> _WHAT IS REQUIRED_
Below are entries with pictures among them; reproduce exactly, and only, the lines from the one containing "2019 Nissan Altima Purchase" down to the one containing "Square D Powerlogic", without the pictures.

> _RECORD SET_
=== Begin Enclosure ===

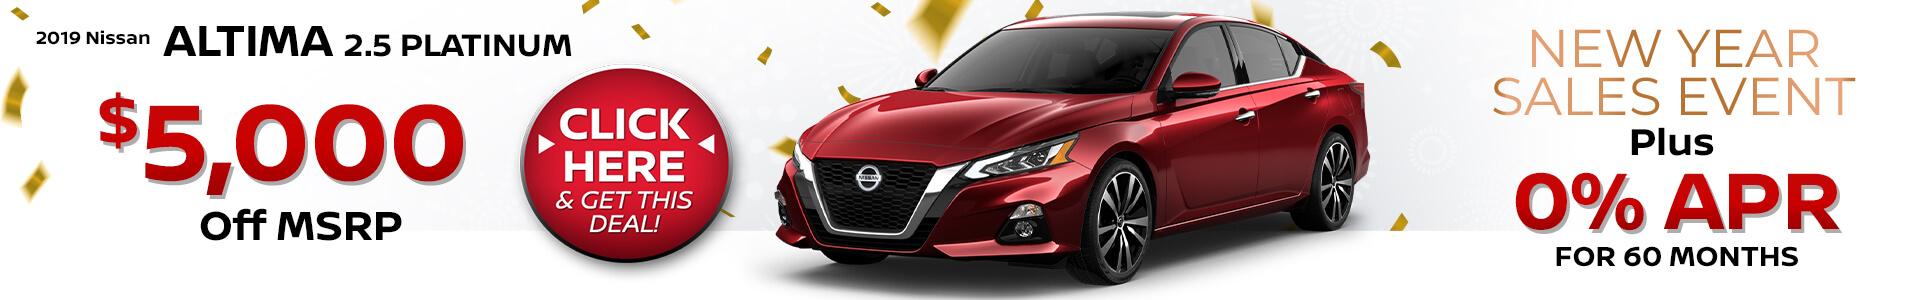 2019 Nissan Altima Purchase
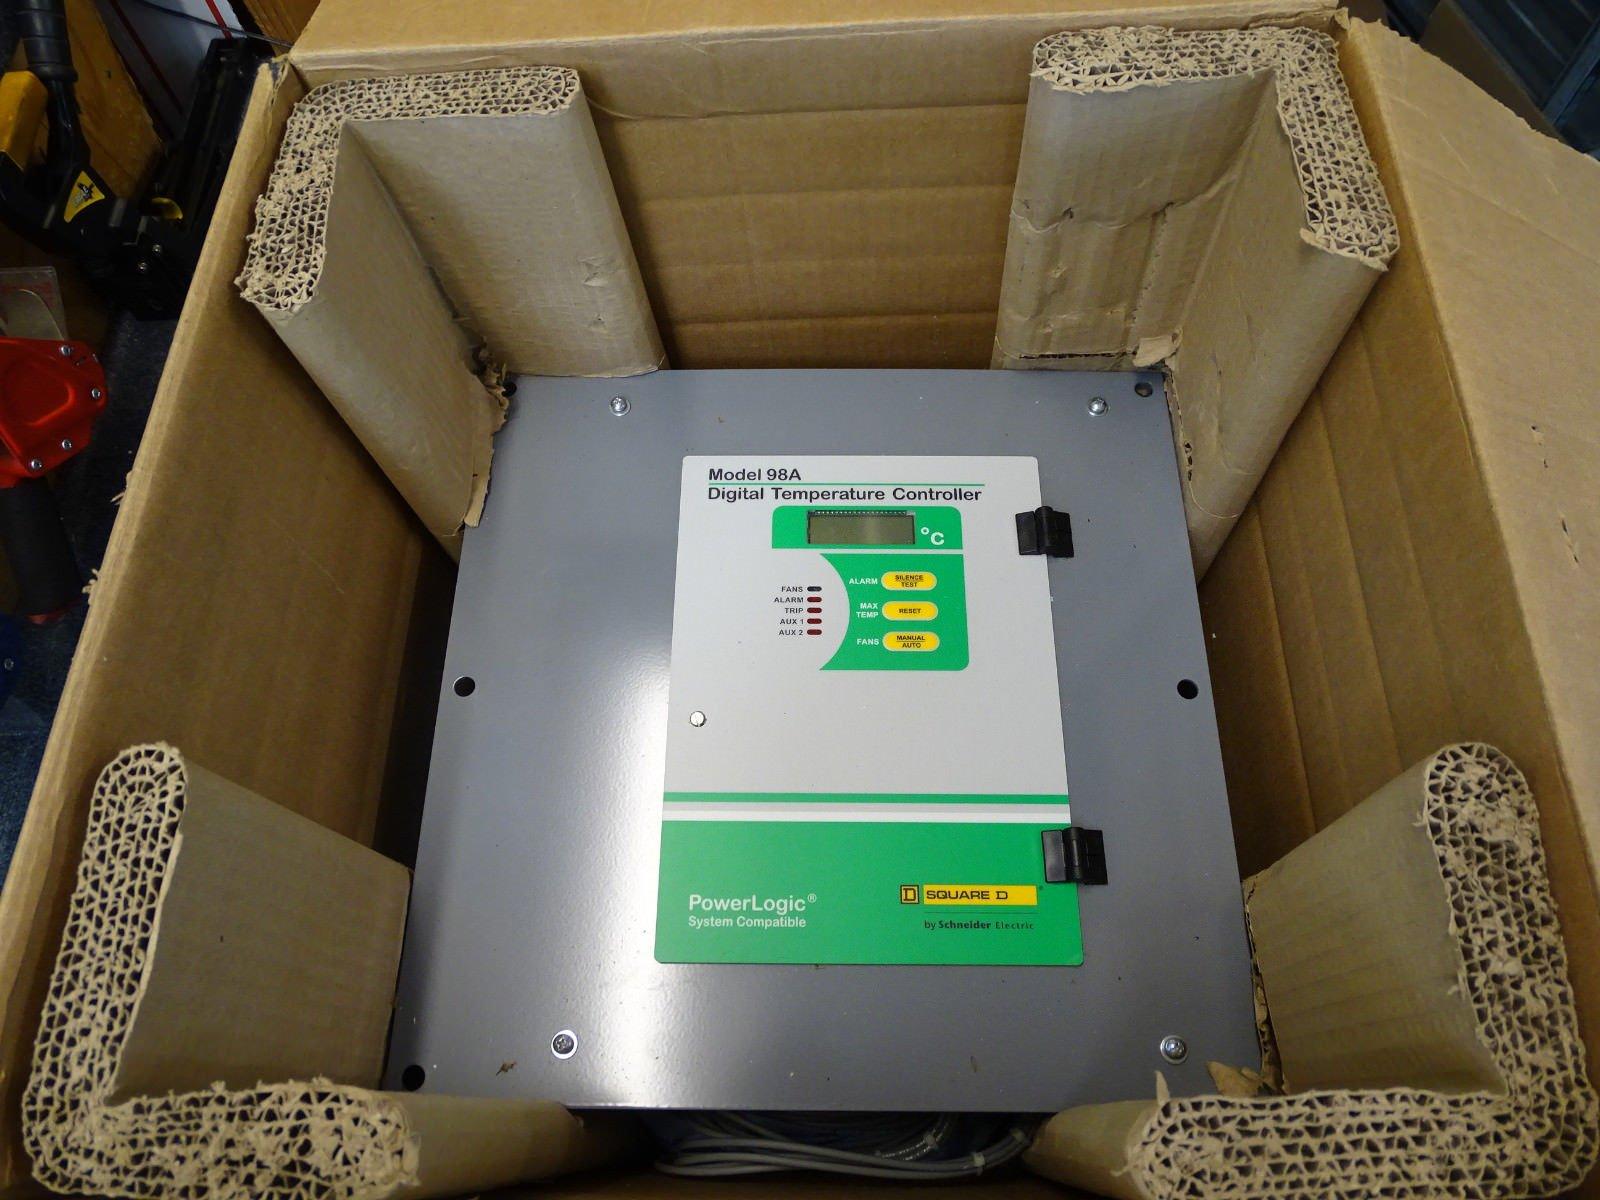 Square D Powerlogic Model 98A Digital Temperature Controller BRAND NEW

=== End Enclosure ===
=== Begin Enclosure ===

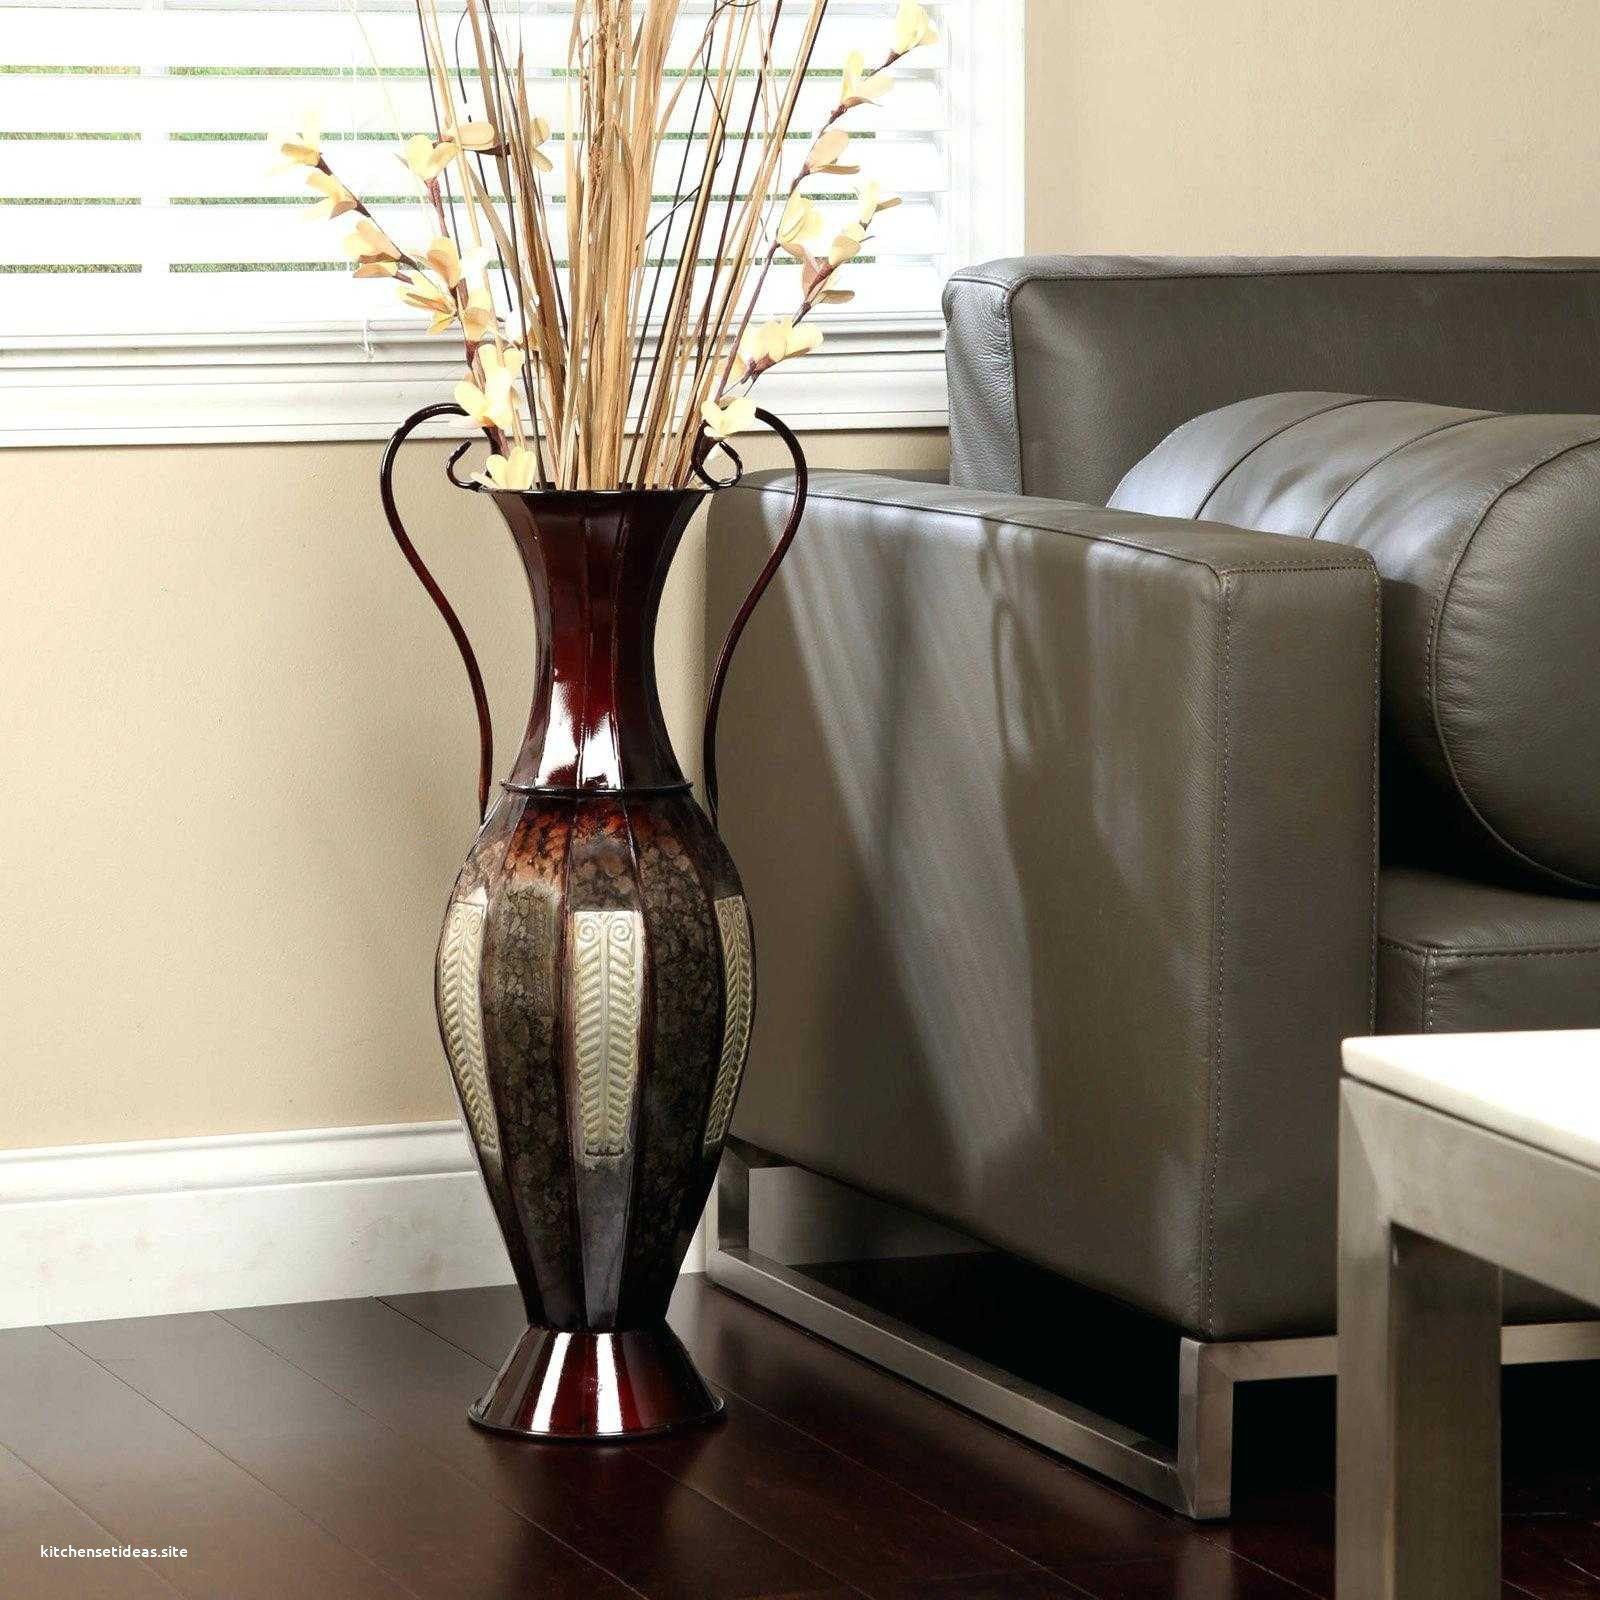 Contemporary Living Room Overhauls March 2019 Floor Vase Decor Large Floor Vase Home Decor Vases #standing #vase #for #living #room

=== End Enclosure ===

> _WRITTEN RESPONSE_
 2019 Nissan Altima Purchase
 Square D Powerlogic Model 98A Digital Temperature Controller BRAND NEW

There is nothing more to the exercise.